Building a robust server-side event bus with exactly-once delivery in a microservice architecture
Building a robust server-side event bus with exactly-once delivery in a microservice architecture
In modern distributed systems, ensuring reliable, exactly-once delivery of domain events across services is a practical challenge. This tutorial walks through designing and implementing a lightweight, server-side event bus that provides exactly-once semantics for event delivery, using idempotent handlers, durable storage, and careful coordination. We’ll cover architectural choices, data modeling, idempotency keys, and concrete code examples in Python with PostgreSQL as the durable store and Redis as a fast in-memory queue. You’ll leave with a practical blueprint you can adapt to real projects.
Prerequisites
- Familiarity with microservice architecture concepts
- Basic Python knowledge (async I/O is optional but recommended)

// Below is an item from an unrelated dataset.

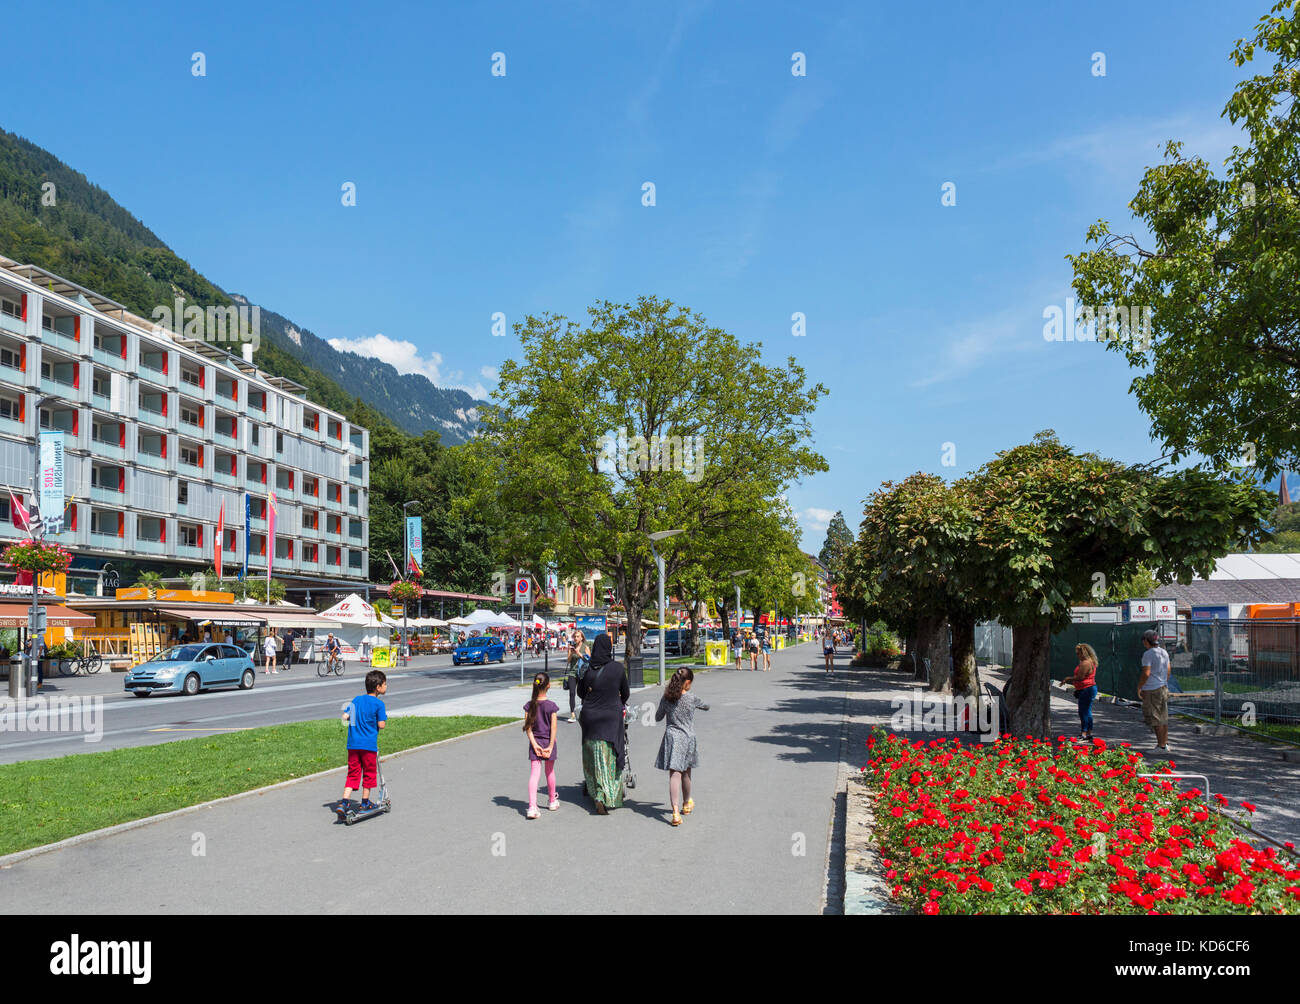 Höheweg, la rue principale d'Interlaken, Suisse Banque D'Images

- PostgreSQL and Redis installed or accessible
- Docker (optional but helpful for local setup)
Overview of the approach
- Build a central event bus service responsible for publishing events and delivering them to subscribed services.
- Use a durable event log in PostgreSQL to store published events with unique event IDs and metadata.
- Implement exactly-once delivery using an idempotency key per consumer, persisted state, and a delivery attempt tracking mechanism.
- Use Redis as a work queue to decouple publishing from delivery while maintaining ordering guarantees per consumer where appropriate.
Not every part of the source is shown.